## [Problem to solve]
Because the copy must hold no pictures, return the data below with all of its words intact.

## [Data extract]
---*---
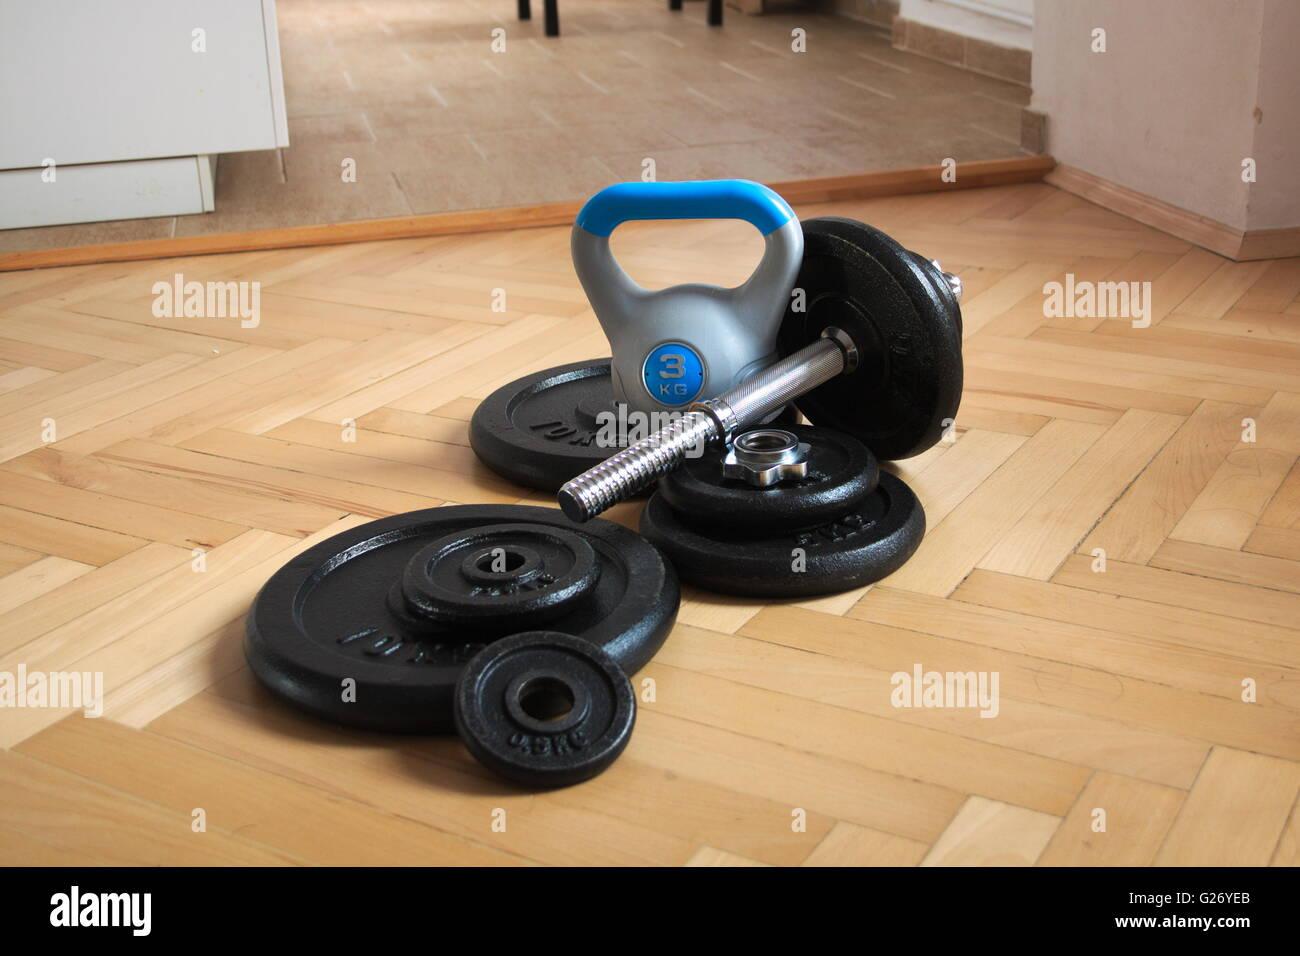 Herramientas para el hogar culturismo y fitness hervidora Bell y 40 Kg para ejercicios y pesas se colocan en parquet Imagen De Stock
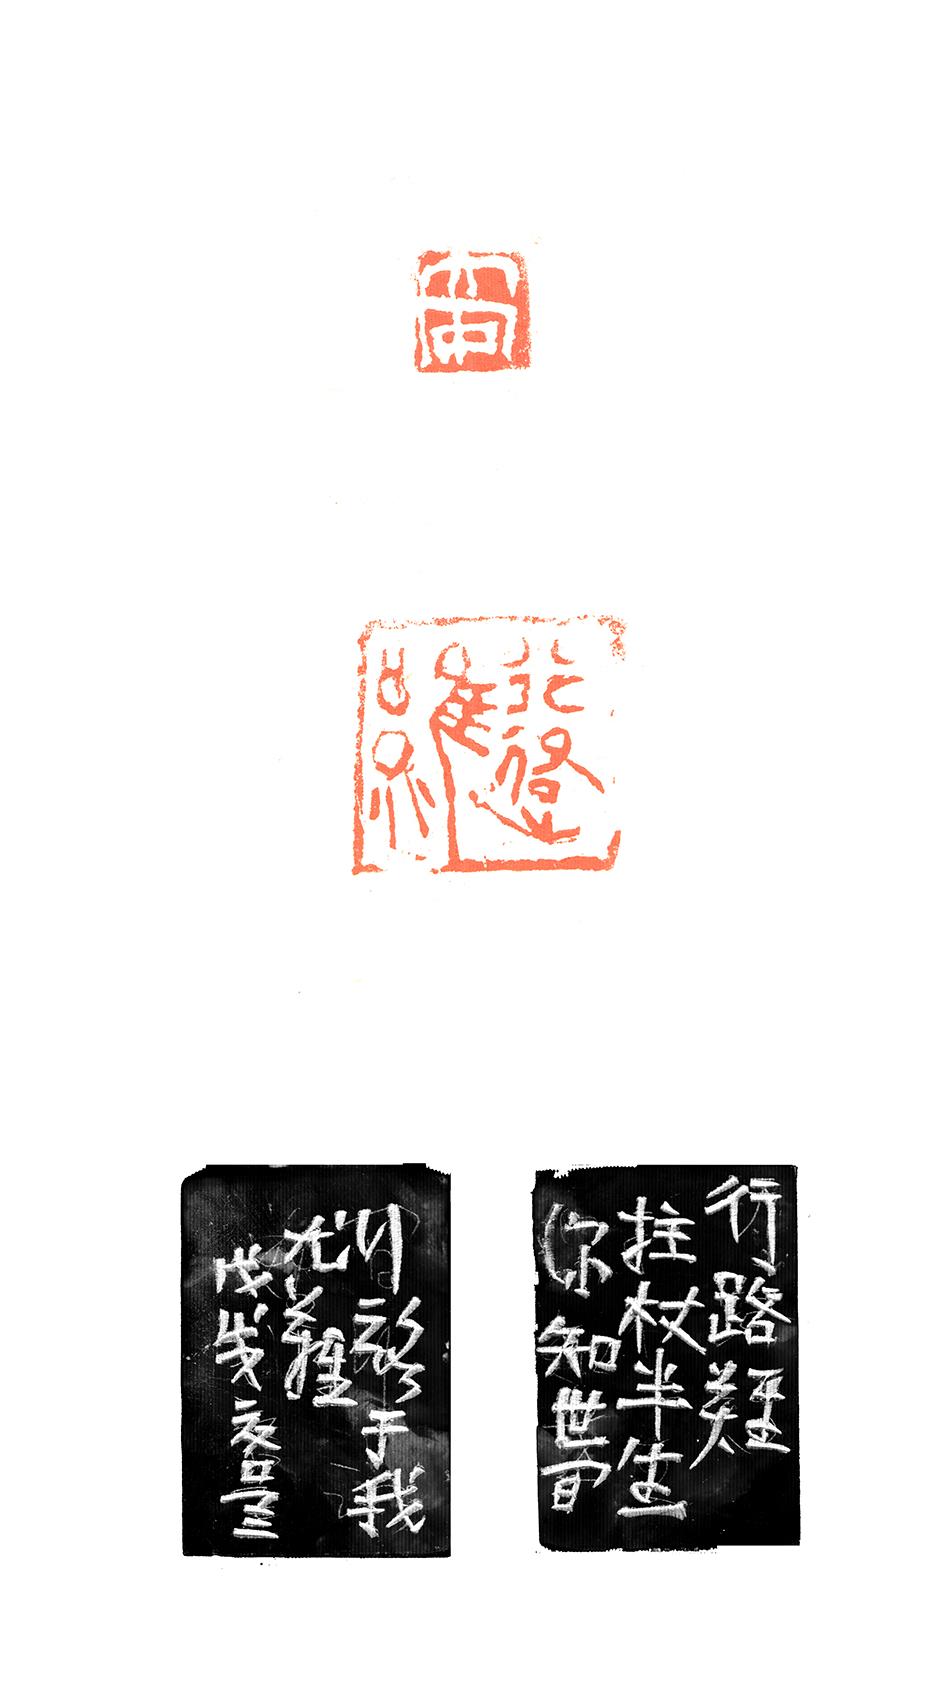 大安行路难(2
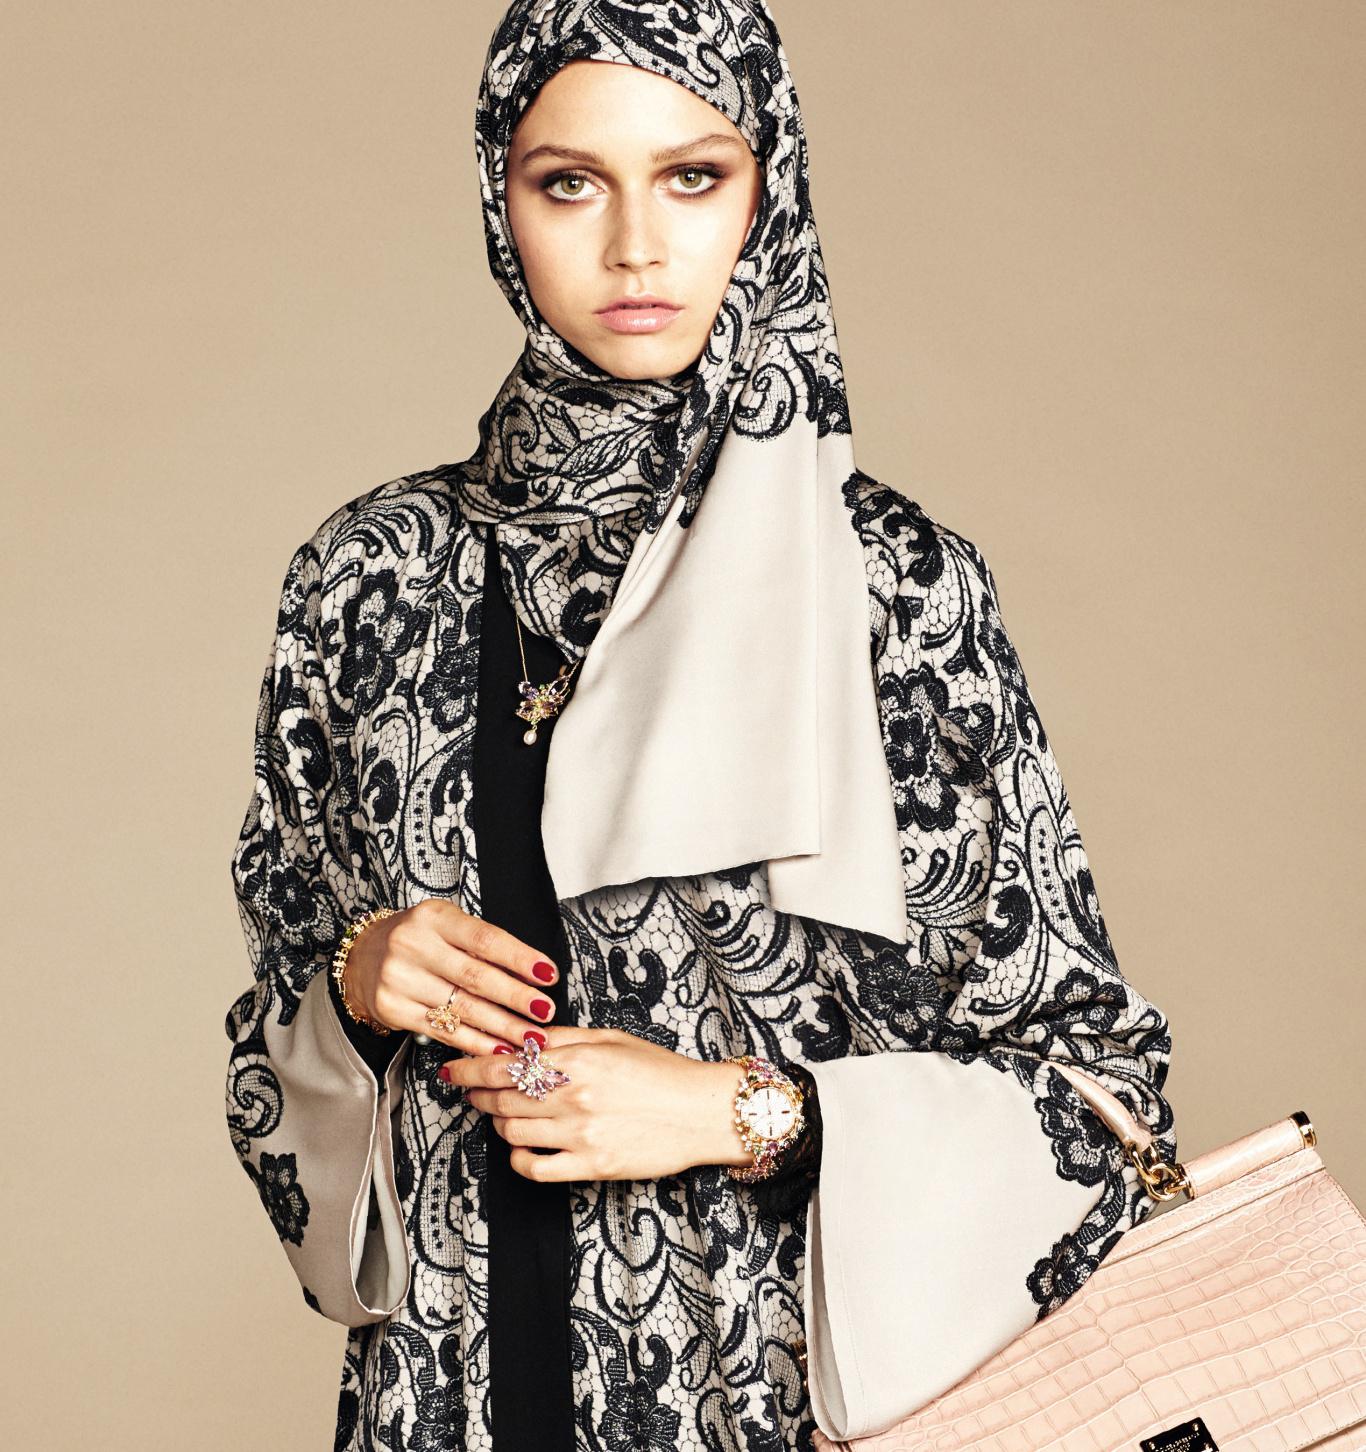 Legendary YSL mogul slams 'Islamic fashion'
---*---
## [Answer for the task]
 Herramientas para el hogar culturismo y fitness hervidora Bell y 40 Kg para ejercicios y pesas se colocan en parquet Imagen De Stock
 大安行路难(2
 Legendary YSL mogul slams 'Islamic fashion'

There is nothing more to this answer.